Wednesday, January 7, 2009

Christian Dreamers of the Year 2008

I have two candidates for news stories of Christian dreamers of the year 2008: Stojan Adasevic and Crystal Dixon. Stojan Adasevic is the man who used to be an abortion doctor in what was then Yugoslavia and became an leading anti-abortionist based on his dreams of Thomas Aquinas. Crystal Dixon is the African American woman in Ohio who was fired from her job as a college administrator for writing an Op Ed piece in the Toledo Free Press criticizing the idea that people leading a homosexual lifestyle are civil rights victims comparable to African-Americans.


It seems obvious why Dr. Adasevic qualifies for this award, but you may be wondering about Ms. Dixon.

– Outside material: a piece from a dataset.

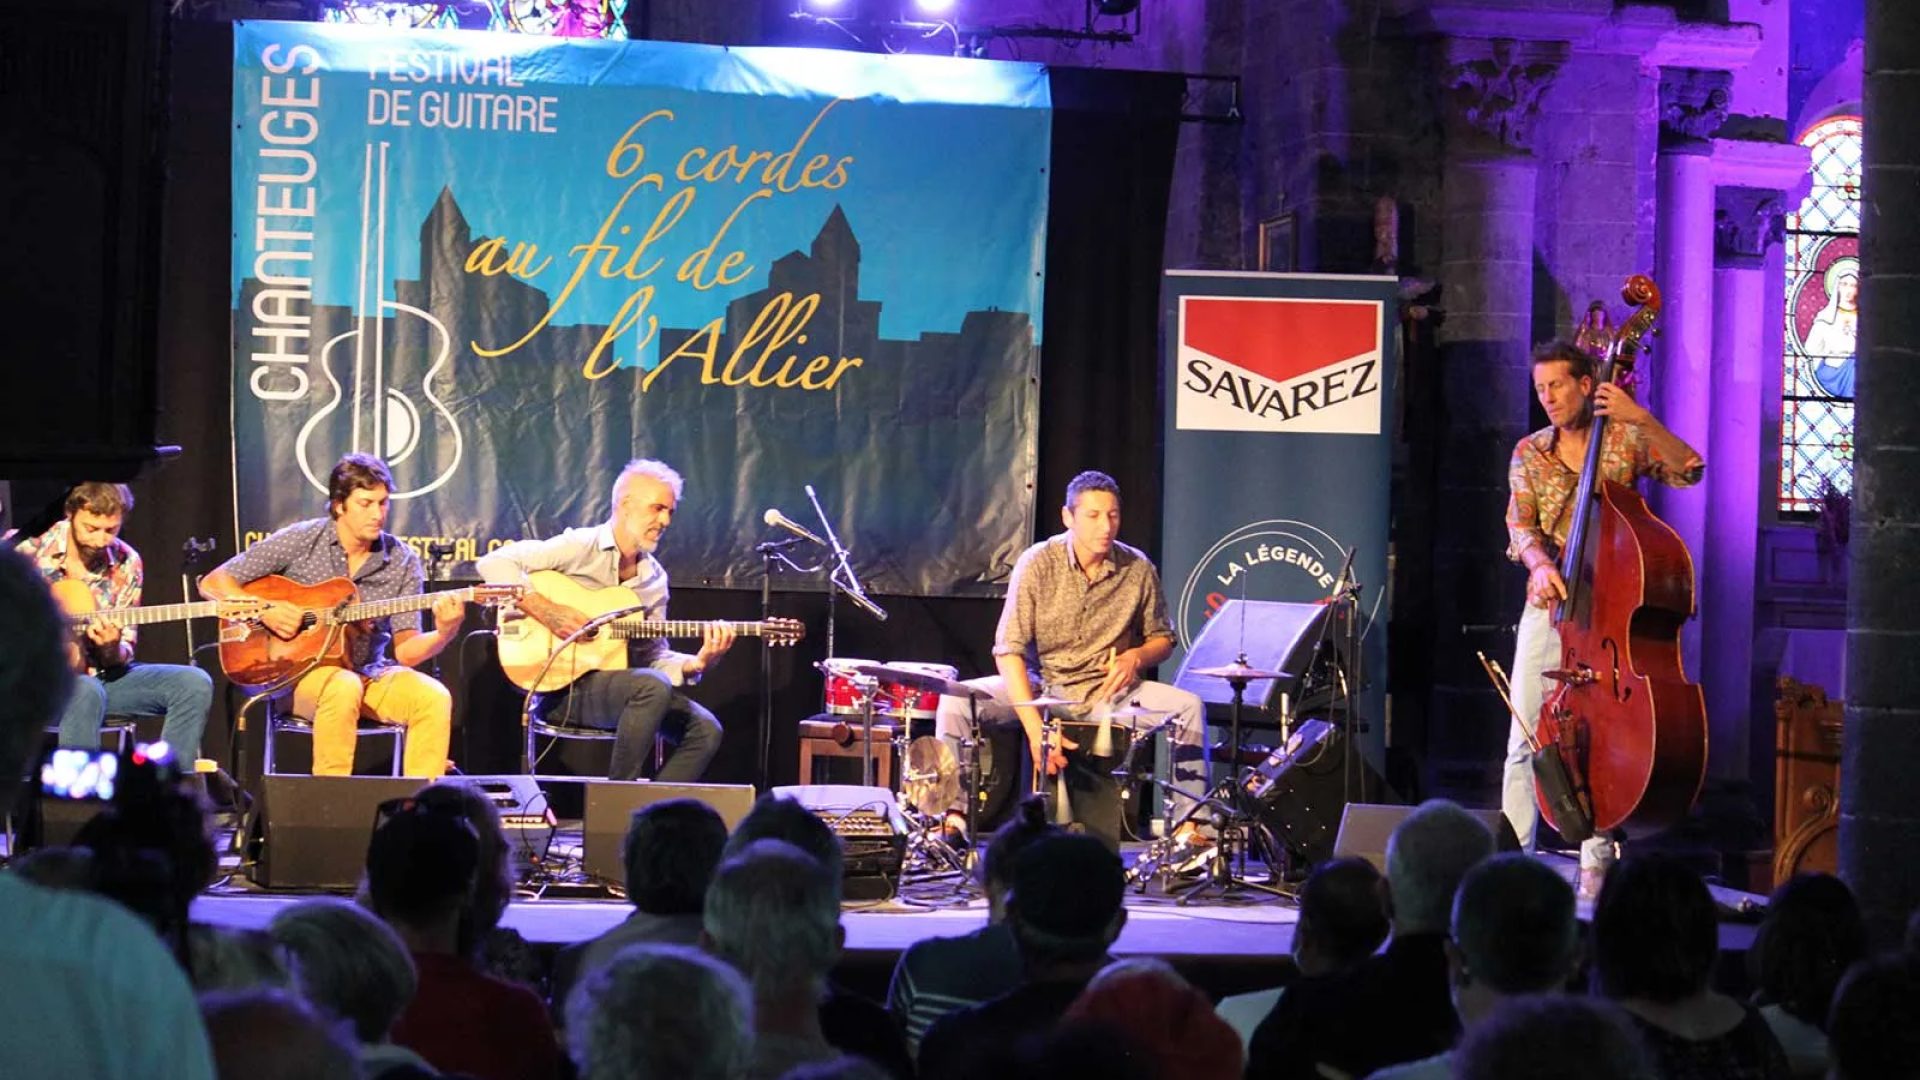 Eine Musikgruppe tritt auf der Bühne des Festivals Six Cordes au fil de l'Allier in Haute-Loire, Auvergne auf

From her website we learn that Crystal Dixon's inspiration for writing the op ed was a divine mandate with which she awoke one morning:
In early April, 2008, I read an opinion piece by Mr. Michael Miller in the Toledo Free Press entitled “Gay Rights and Wrongs. I absolutely respected Mr. Miller’s right to express his opinion while at the same time, I disagreed with several of the points that he made. One of the freedoms that makes this country great and makes newspapers great, is the privilege of exchanging different points of view via public print communications. Early on Sunday, April 6, 2008, I arose with a divine mandate (you may understand the term as divine inspiration) to write my opinion, based on my Christian faith in response to Mr. Miller’s article. I wrote my personal opinion, based upon my Christian faith, rooted in the foundation of Holy Scripture which is my Constitutional right.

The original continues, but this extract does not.